Phillippe Noiret, our beloved lawman from Coup de torchon (1981), our beloved projectionist from Cinema Paradiso (1988), has returned thirteen and six years later as Pablo Neruda. And he looks completely different. He has shaved his (beard and) mustache. He has gained weight. His face is filled out. He has more hair. He plays Neruda with courteous and charitable composure. He is a good actor.
Massimo Troisi plays Mario Ruoppolo. He himself is a screenwriter and director as well as an actor, and he wrote the screenplay for this film and is listed as a collaborating director. He acted in a dozen films and wrote and directed five of them. He was from Naples and a beloved man both there and throughout Italy.

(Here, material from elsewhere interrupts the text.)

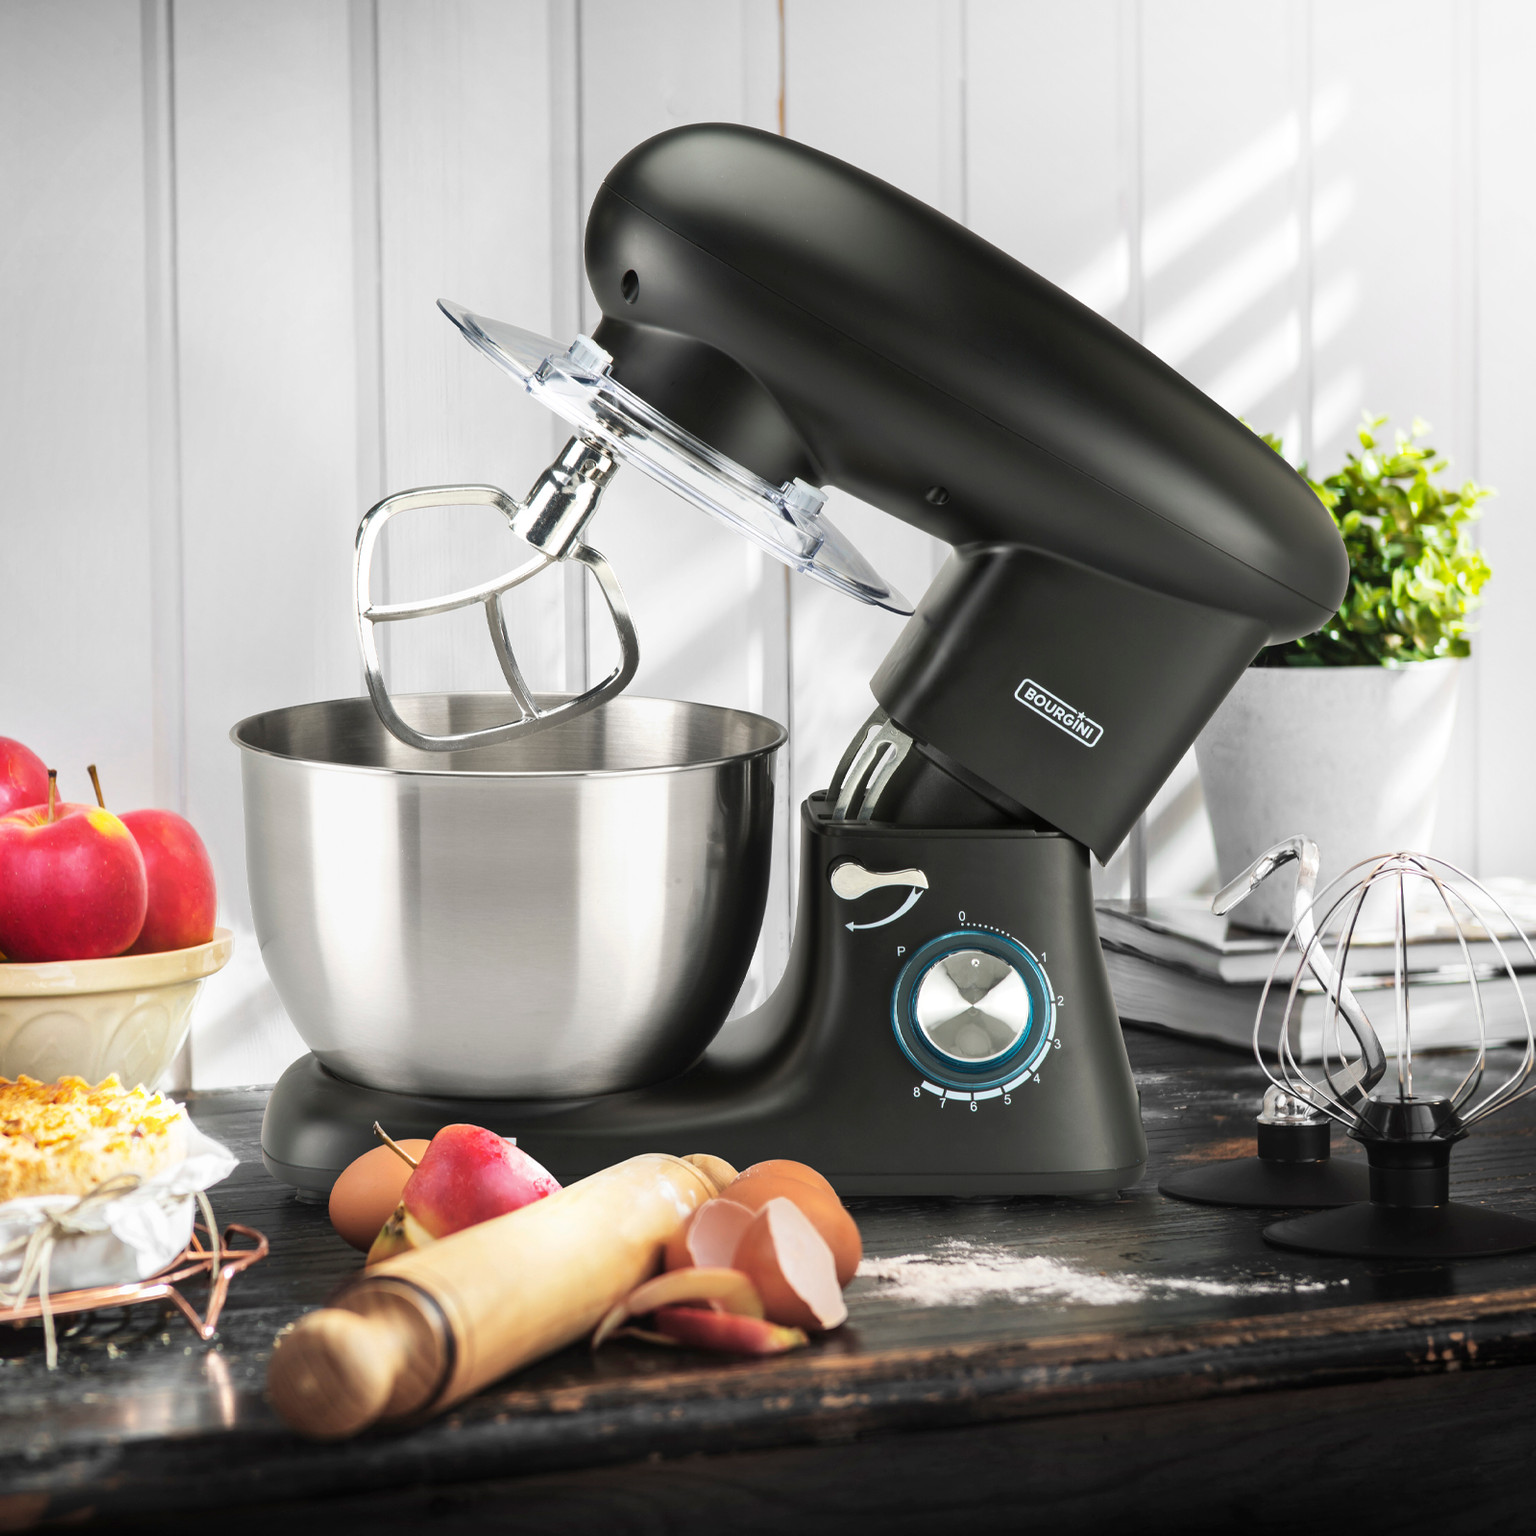 Bourgini keukenmachine aanbieding

The film was nominated for five Oscars--including Screenplay, Director, Actor (Troisi), and Picture (as opposed to Foreign Film). It won the Oscar for Best Music for Luis Bacalav's original dramatic score. The romantic melodic refrain stays in the mind and helped propel the film to worldwide success.
Maria Grazia Cocinotta plays Beatrice. She has appeared in many films and continues to work today. You may know her as a Bond girl alongside Pierce Brosnan in The World is Not Enough (1999).
Massimo Troisi gave his life to make this film. He had fallen in love with the novel, Burning Patience, on which it is based (which was in turned based on a movie of the same name), and he decided to make it despite health problems. He got his friend Michael Radford to direct. He was born with congenital heart problems. He delayed heart surgery to shoot the film. While shooting he fell ill and worked only one hour a day. He filmed many of his scenes sitting down. He filmed many in only one take. At age 41, one day after filming was completed, he died of a heart attack.